A GUEST IN MY OWN COUNTRY

A Hungarian Life

by George Konrád & translated by Michael Henry Heim

Pub Date: April 24th, 2007
ISBN: 1-59051-139-5
Publisher: Other Press

A notable European intellectual’s path from persecution, exile and privation to the status of spokesman for his embattled country’s resiliency.
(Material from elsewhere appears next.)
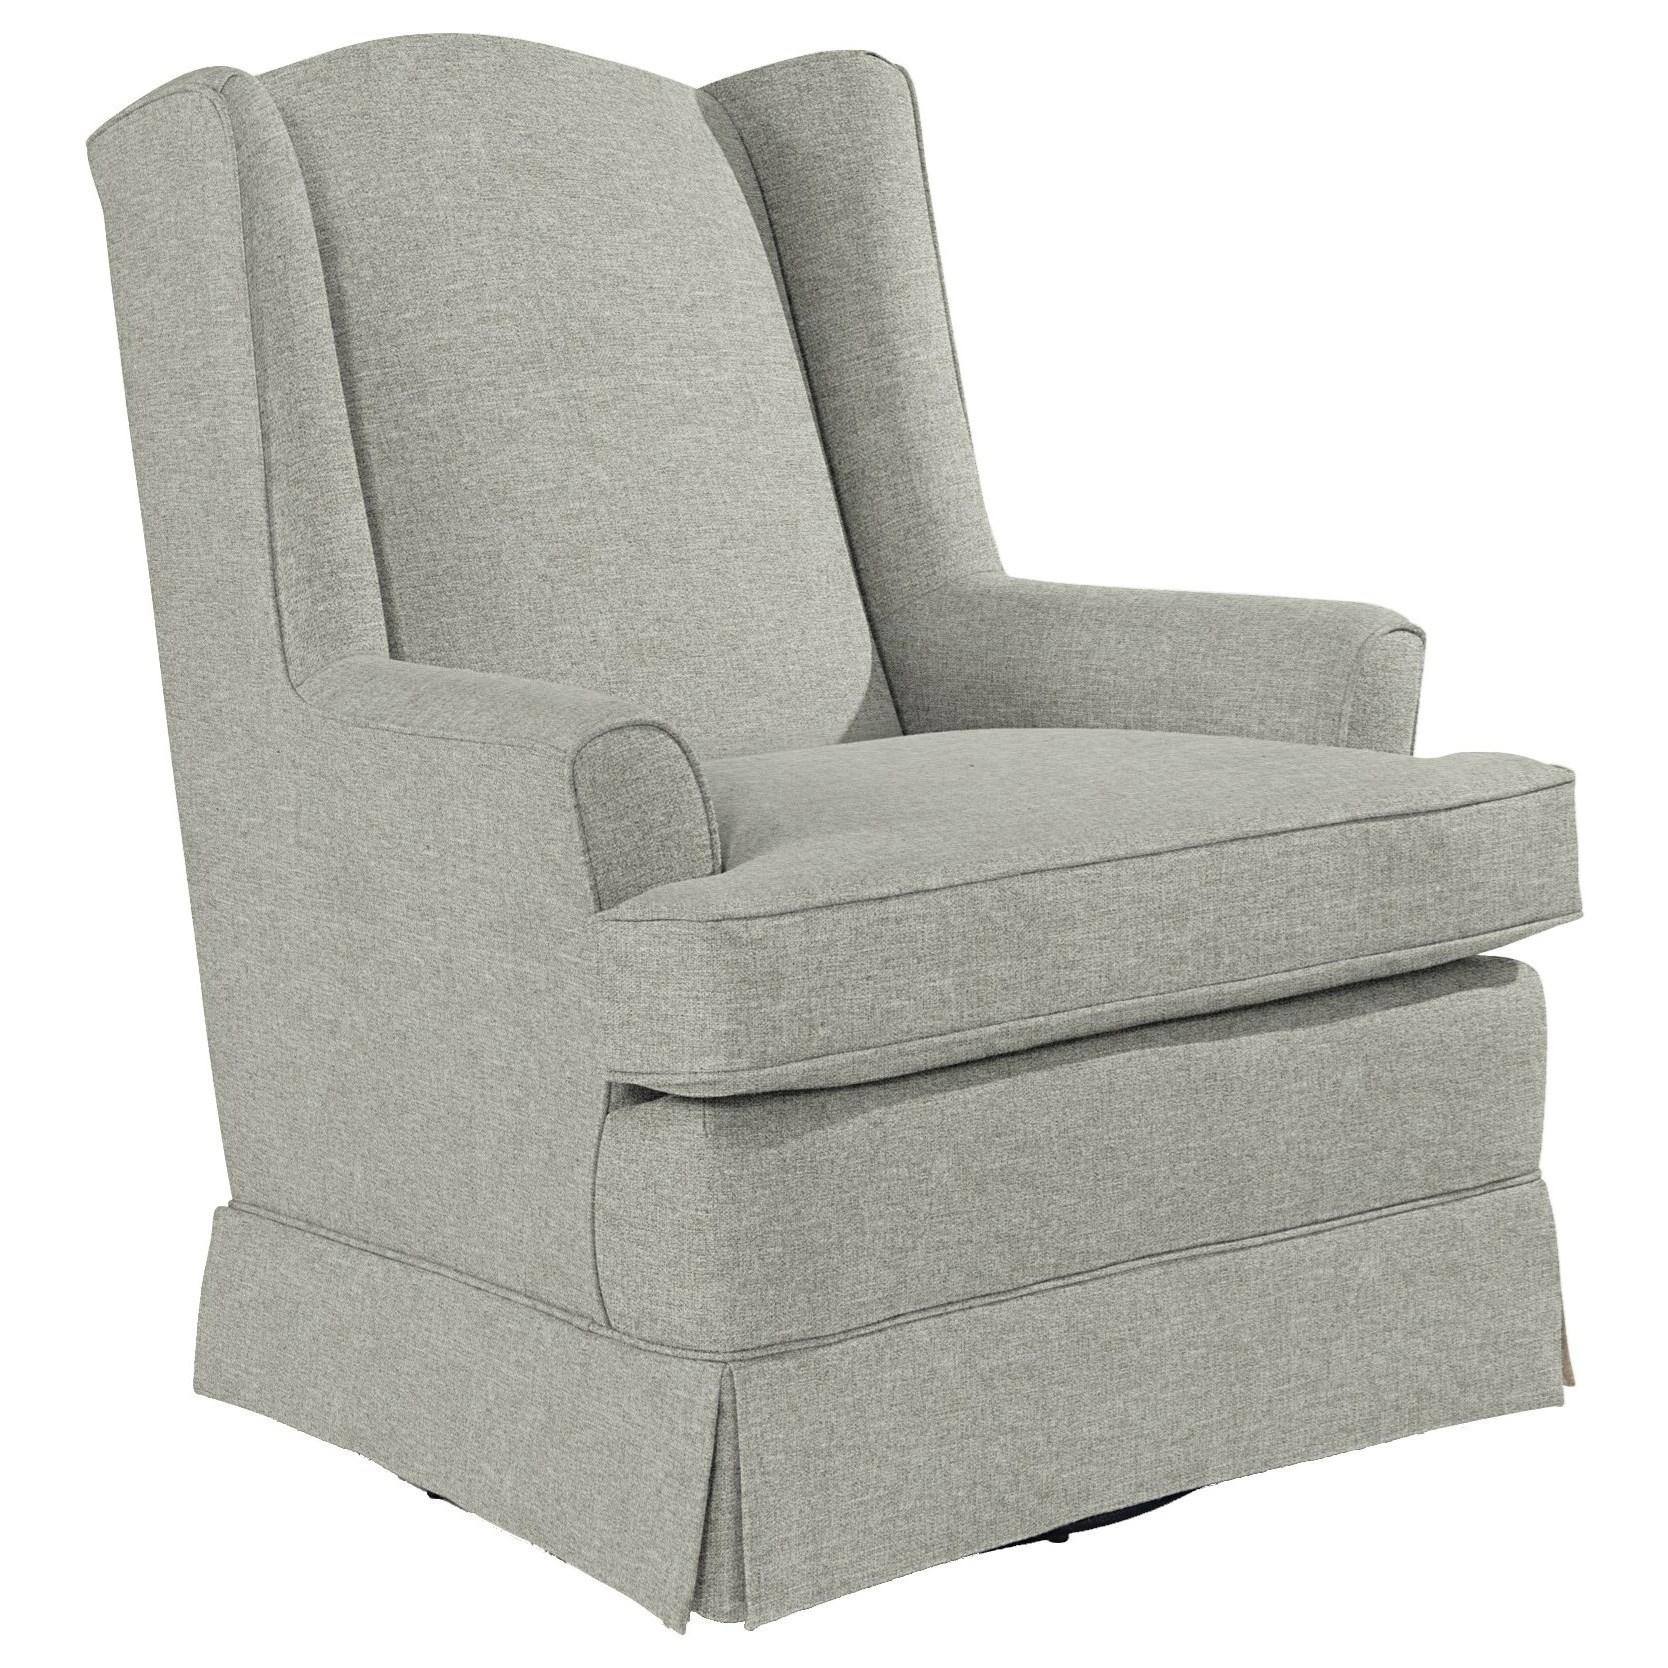 Best Home Furnishings Chairs - Swivel Glide Natasha Swivel Glider - Item Number: 7147-21649

Born in 1933, Konrád grew up among a well-to-do middle-class Jewish family supported by his father’s hardware store, until the Nazis’ approach persuaded the Hungarian government to capitulate. “The town had deported its Jewish citizens,” Konrád recalls more than 60 years later, “and viewed all their possessions as its own, moving strangers into their houses.” The episodic story of young George’s survival (with his sister and two male cousins) after the “removal” of their parents from their village (Berettyóújfalu) is an odyssey of hasty travel, crowded and imperiled experiences at home and abroad shared with those who sheltered them, and—following “Liberation” in 1945—return to Hungary (in a cattle car) to a nearly destroyed home and a future whose bleakness was mitigated by their parents’ safe return from an Austrian internment camp. The book’s latter half depicts Konrád’s salvation through formal education; jobs as social worker, magazine editor and teacher; the publication of his brilliant first novel (The Case Worker, 1969) and the polarizing sociopolitical study (The Intellectuals on the Road to Class Power, 1979) he co-authored; and the hard-won acquisition of survival skills required of Hungary’s Jews, doubly victimized by the Third Reich and by the violent class struggle of the 1956 Hungarian Revolution. Konrád’s novelistic skills (also displayed in such fiction as The City Builder, 1977, and Stonedial, 2000) produce vivid, terse sketches of numerous relatives and acquaintances, and the book features dozens of heart-stopping perceptions (e.g., the realization that his aged mother’s “forgetfulness may help her. . . . She is letting go of her burdens”). But the book is flawed by confusing past-present shifts, and an imbalance that is presumably the result of its “slightly edited” second half.

Still, a valuable and absorbing chronicle of a terrible ordeal and of the transcendent courage shown by both its survivors and its victims.